- _What this task involves_
Leave out the pictures, and print exactly the lines from the one holding "mc-104-ullyot.jpg" through the last line of the material.

━━━ Data ━━━

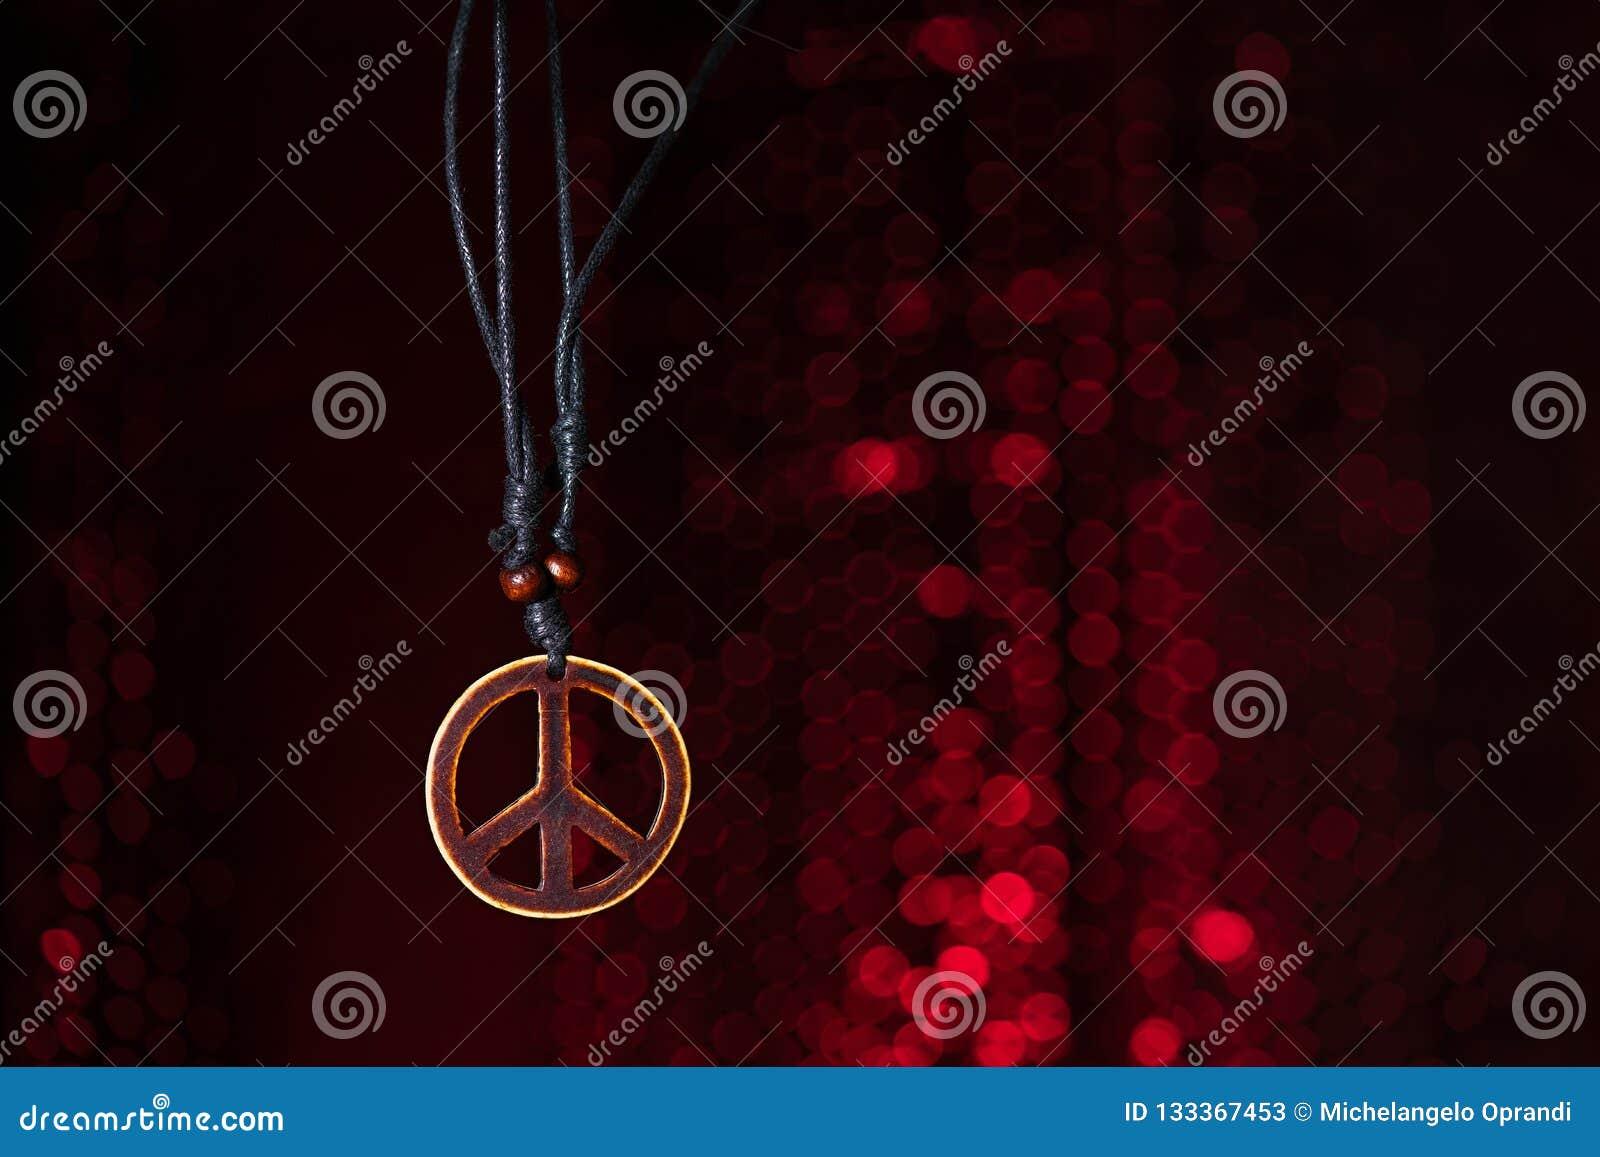 Símbolo de paz de madeira com fundo das luzes vermelhas
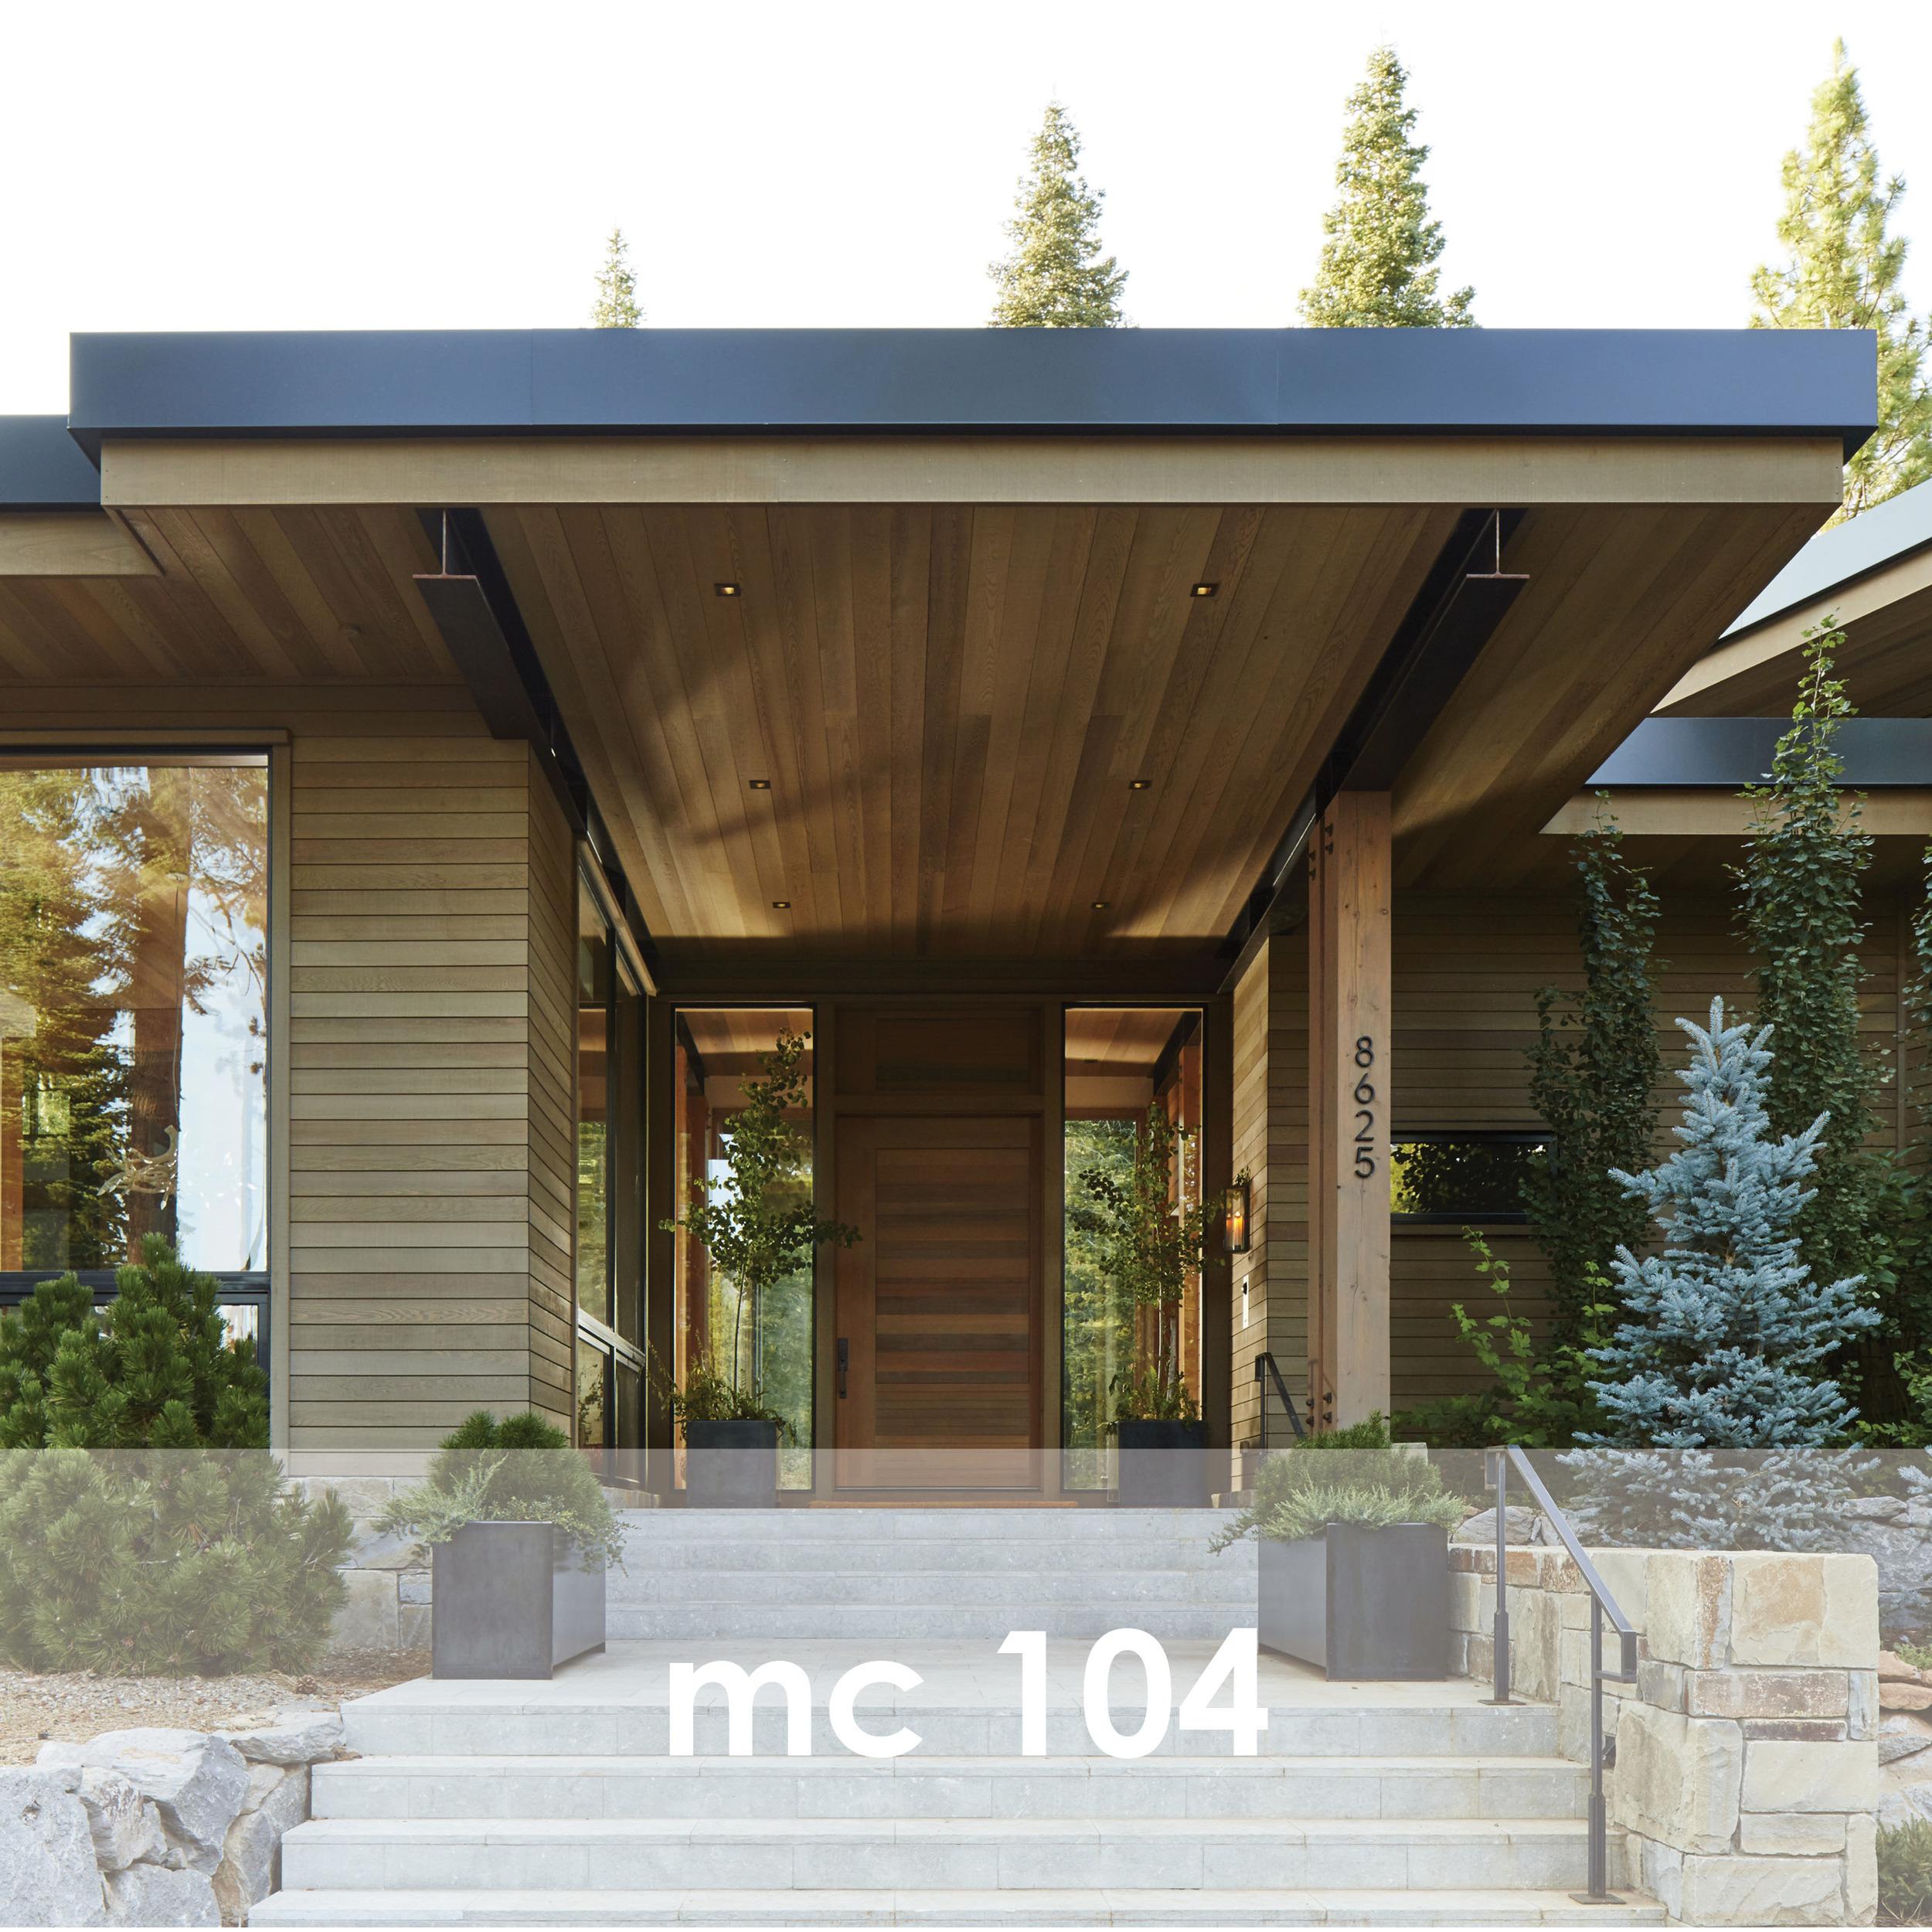 mc-104-ullyot.jpg
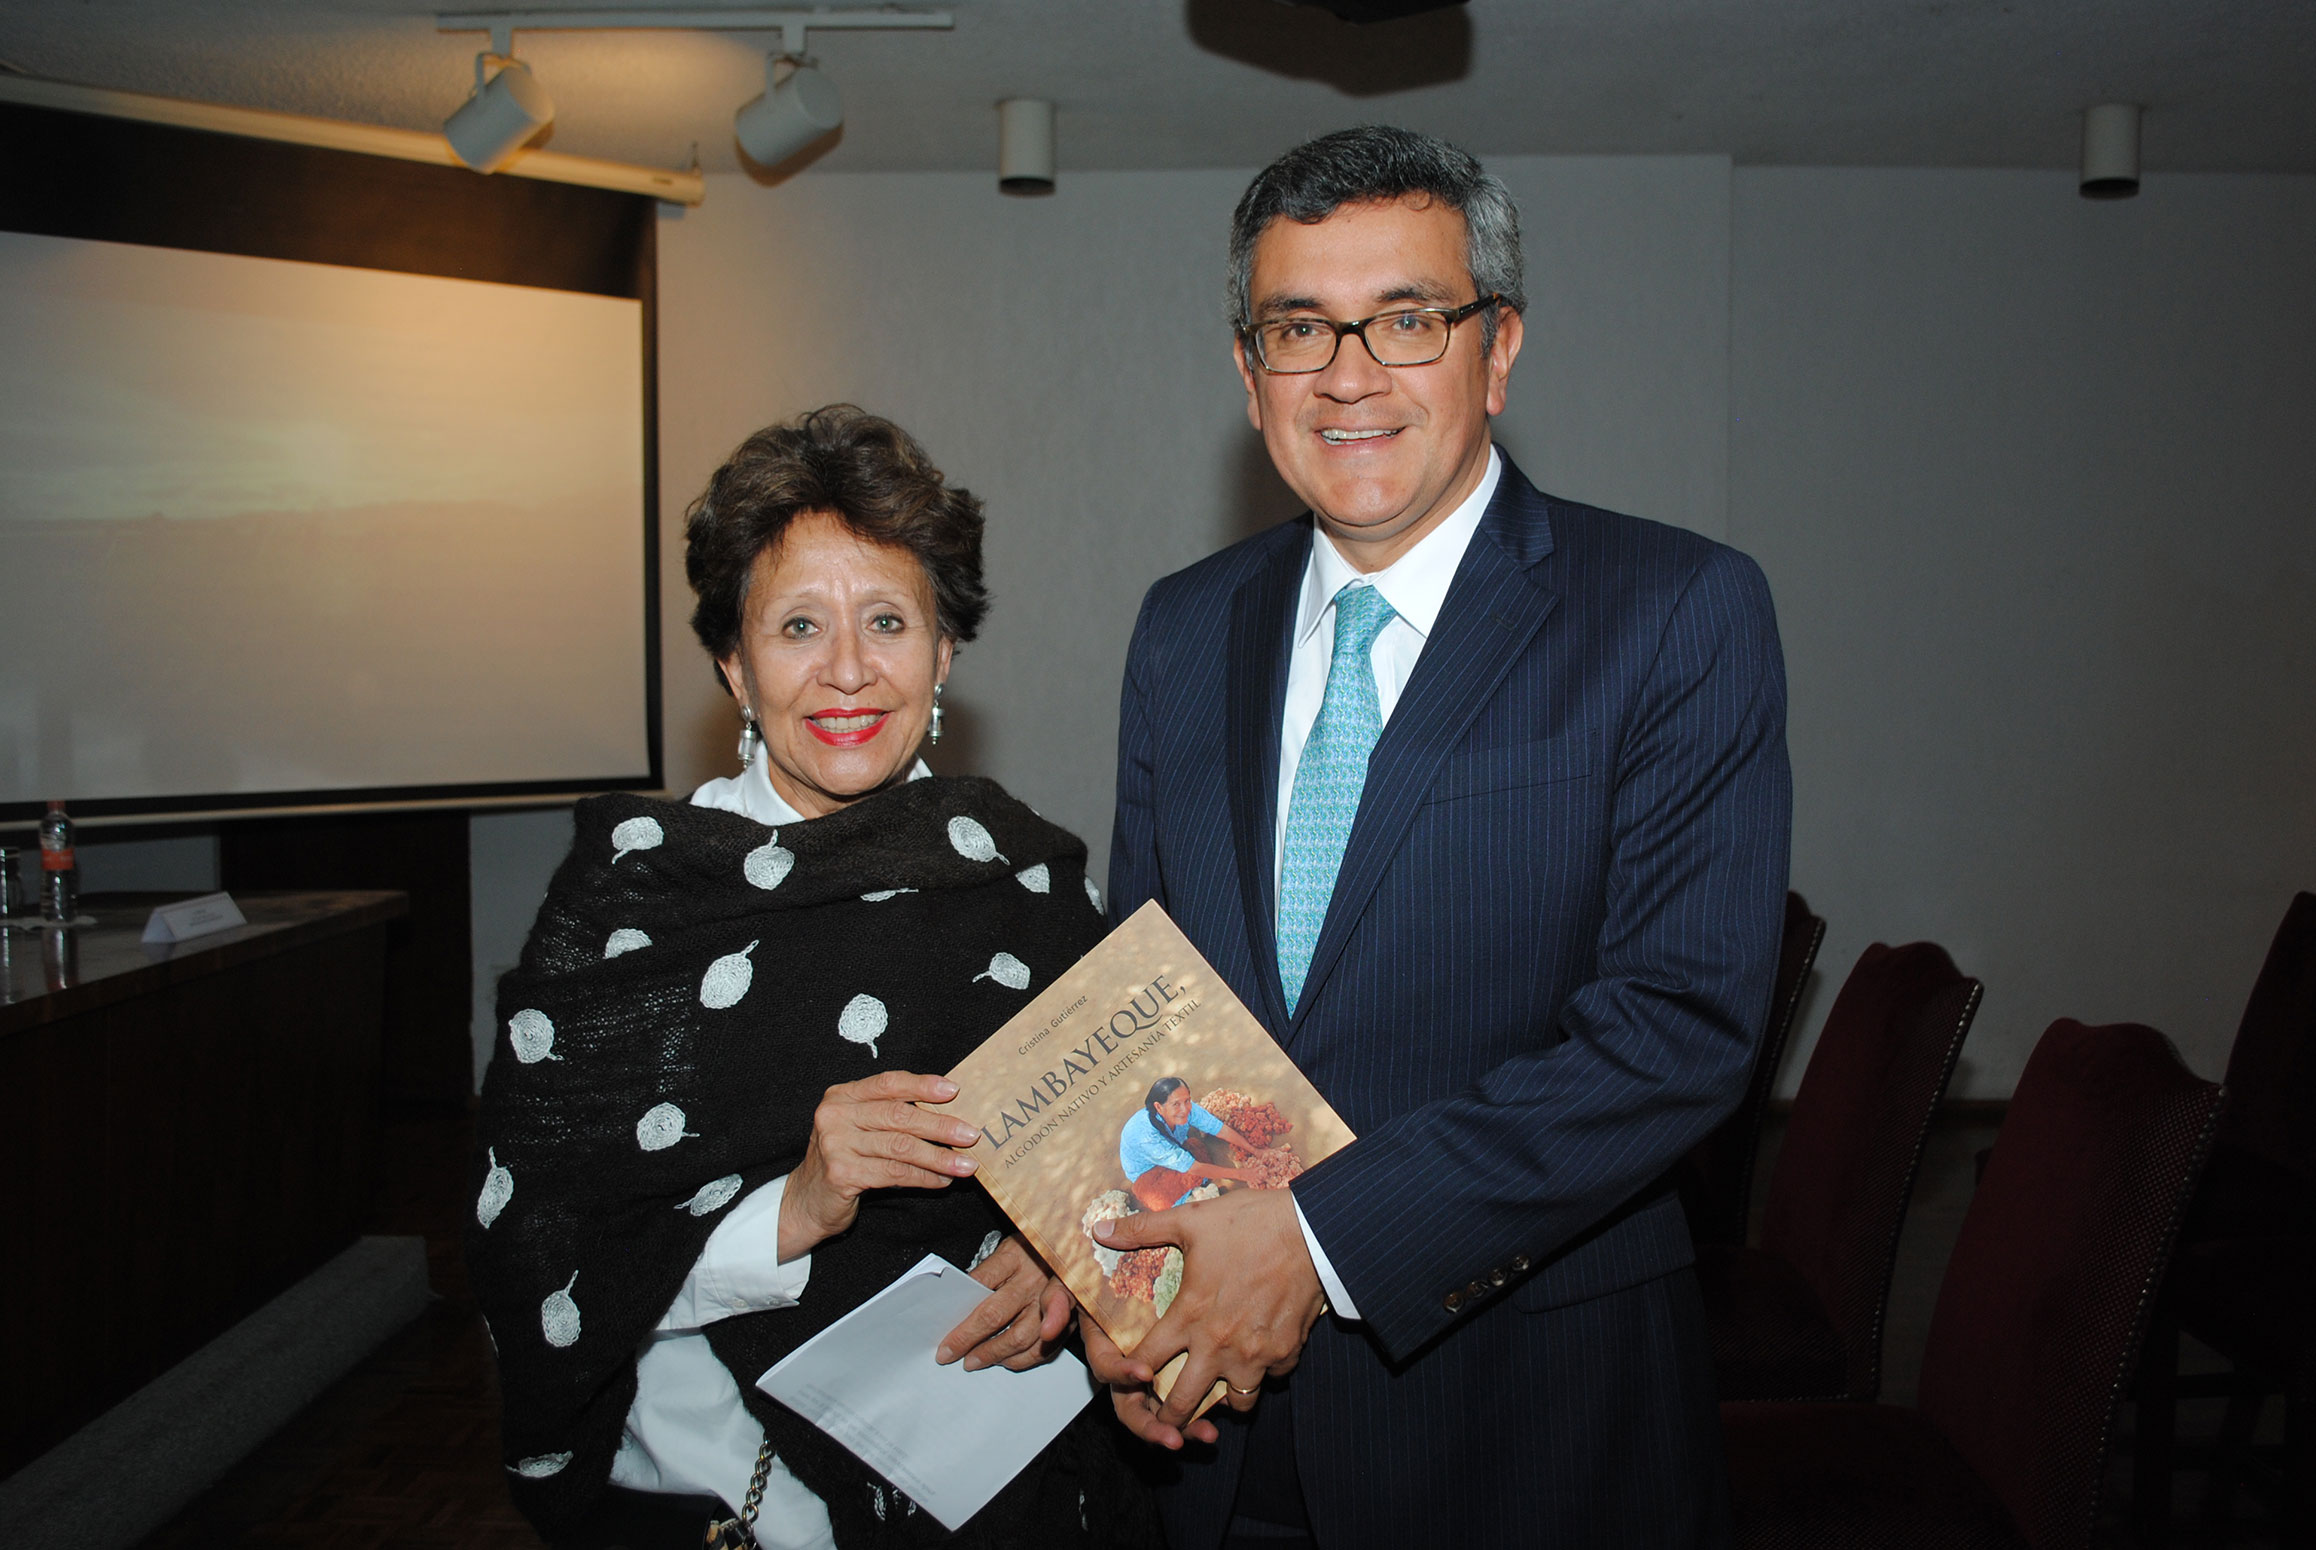 Cristina Gutiérrez, autora del libro, el cual presentó acompañada por el embajador de Perú en México, Julio Hernán Garro Gálvez

━━━

- _Task output_
 mc-104-ullyot.jpg
 Cristina Gutiérrez, autora del libro, el cual presentó acompañada por el embajador de Perú en México, Julio Hernán Garro Gálvez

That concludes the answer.